No dia 6 de dezembro de 1964, ocorreram as eleições municipais, prevalecendo o desejo dos deputados e da indústria; os eleitos tomariam posse no dia 15 de dezembro. No momento da posse, o Sr. Ozires demonstrou seu descontentamento, uma vez que não almejava o cargo de prefeito. Realizou um discurso afirmando que esse não era o seu desejo, retornando ao cargo de gerente da Indústria Zattar, em Bom Retiro. Fica clara aqui a relação entre política e poder econômico, que caracterizou desde o início a criação do município. Passados 90 dias, os vereadores reuniram-se e, então, cassaram o mandato do prefeito por abandono do cargo, empossando em seu lugar o vice-prefeito Juvenal Estefanes.

Figura 7 – Foto da rua Francisco Dellê, tirada da Torre da Antiga Matriz do Divino Espírito Santo, em 1969

Em 1965, o município de Pinhão era dividido em 4 distritos: Pedro Lustosa, Faxinal do Céu, Pinhalzinho e Bom Retiro, conforme lei estadual nº 5149, de 07 de junho do mesmo ano.

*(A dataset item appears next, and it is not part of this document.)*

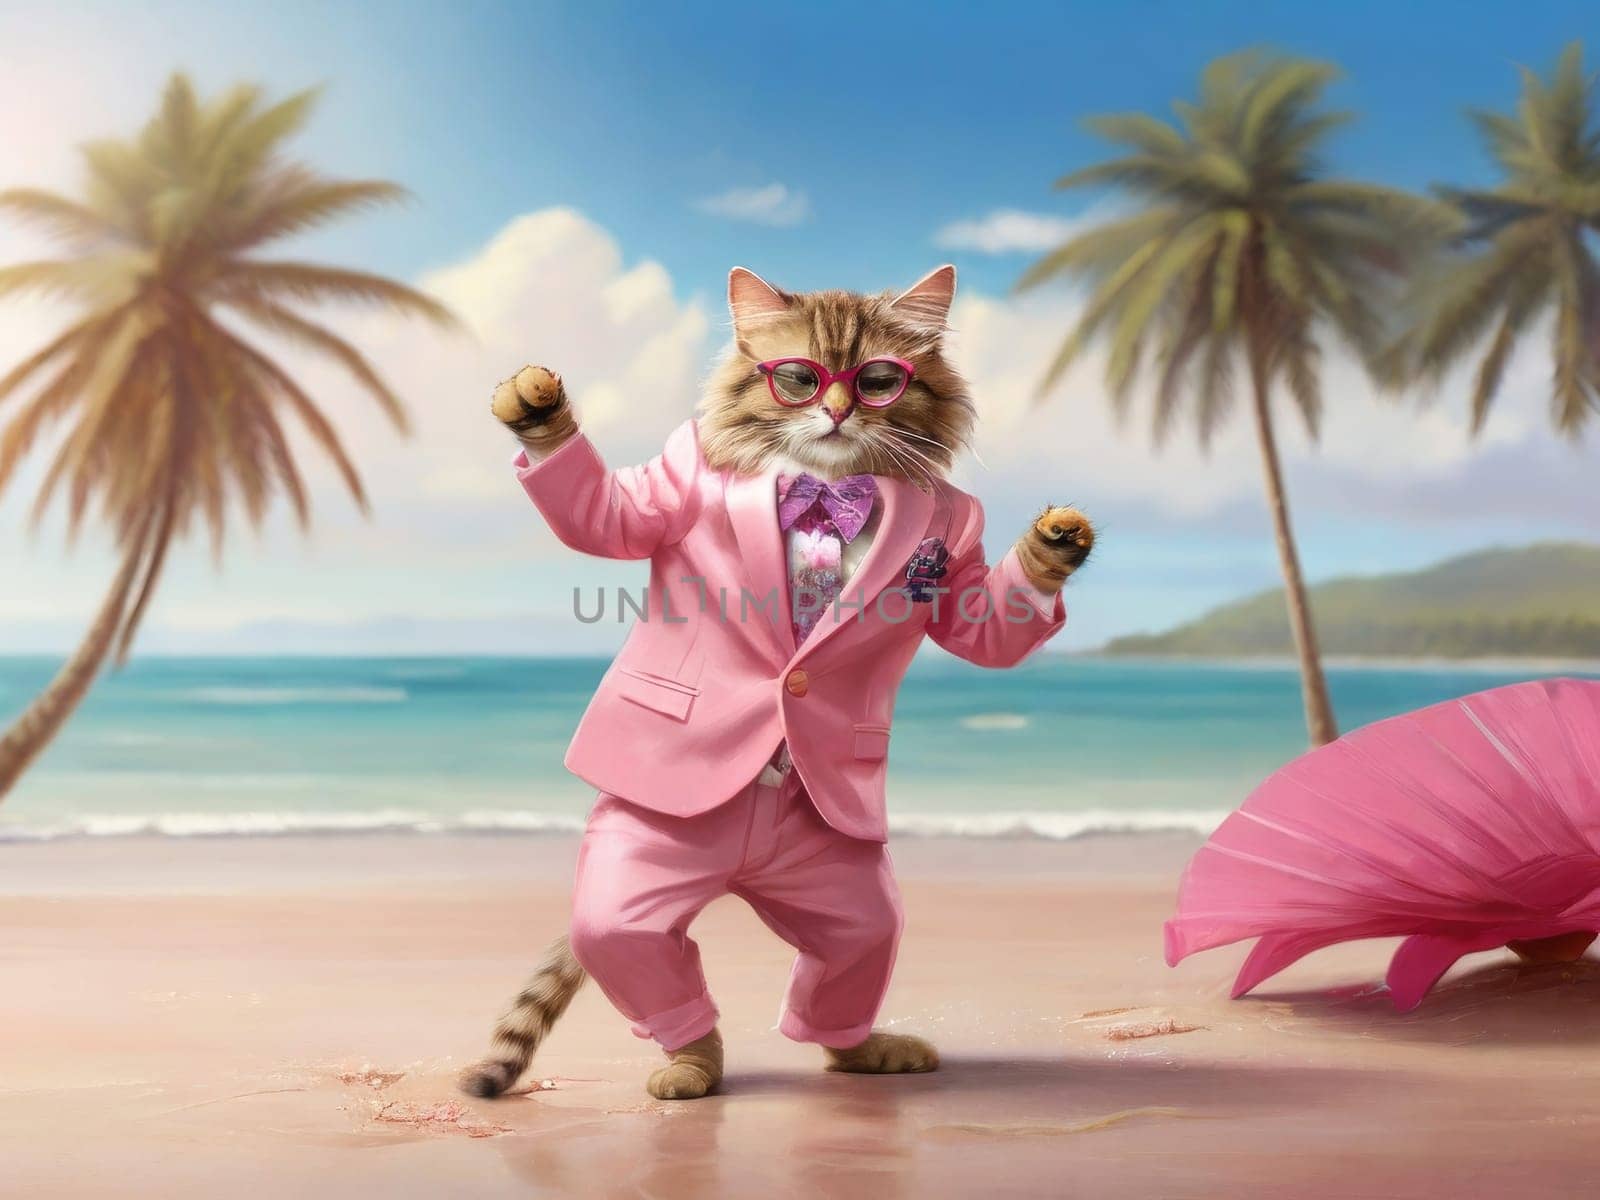 A glamorous cat in a pink suit, hat and sunglasses dances on the beach by the sea. illustration with cartoon cheerful cat on the beach by Ekaterina34

A década de 1970 foi marcada por muitos conflitos em busca de controle, reforçando assim que no território existem fortes relações de poder, como afirma Raffestin (1993):

Cada empresa, porém, utiliza o território em função dos seus fins próprios e exclusivamente em função desses fins. As empresas apenas têm olhos para os seus próprios objetivos e são cegas para tudo o mais. Desse modo, quanto mais racionais forem as regras de sua ação individual tanto menos tais regras serão respeitosas do entorno econômico, social, político, cultural, moral ou geográfico, funcionando, as mais das vezes, como um elemento de perturbação e mesmo de desordem. Nesse movimento, tudo que existia anteriormente à instalação dessas empresas hegemônicas é convidado a adaptar-se às suas formas de ser e de agir, mesmo que provoque, no entorno preexistente, grandes distorções, inclusive a quebra da solidariedade social [...] Pode-se dizer então que, em última análise, a competitividade acaba por destroçar as antigas solidariedades, frequentemente horizontais, e por impor uma solidariedade vertical, cujo epicentro é a empresa hegemônica, localmente obediente a interesses globais mais poderosos e, desse modo, indiferente ao entorno. (SANTOS, 2003, p. 85).

A empresa defendia interesses próprios em busca de um controle do território e não se preocupava com as pessoas ou seu entorno, mas tão somente em adquirir posses. Segundo Porto,

Intensificaram-se as ações de funcionários da madeireira no confisco da produção agrícola e extrativista dos habitantes locais e morte de animais de criação, sua presença ostensiva e intimidatória no entorno das moradias, e, nos casos extremos, o incêndio de casas e paióis e as ameaças de morte. Também neste momento, a empresa passou a vender terras para descendentes de gaúchos do Paraná – em geral filhos não herdeiros de camponeses –, que têm uma

dinâmica produtiva distinta (o que traz dificuldades na convivência, principalmente com relação ao sistema de criação de animais soltos). Estes, contudo, também se tornam posseiros, pois processos anteriores de hipoteca de terras pela empresa impediram a regularização da venda das terras. (2013, p. 145).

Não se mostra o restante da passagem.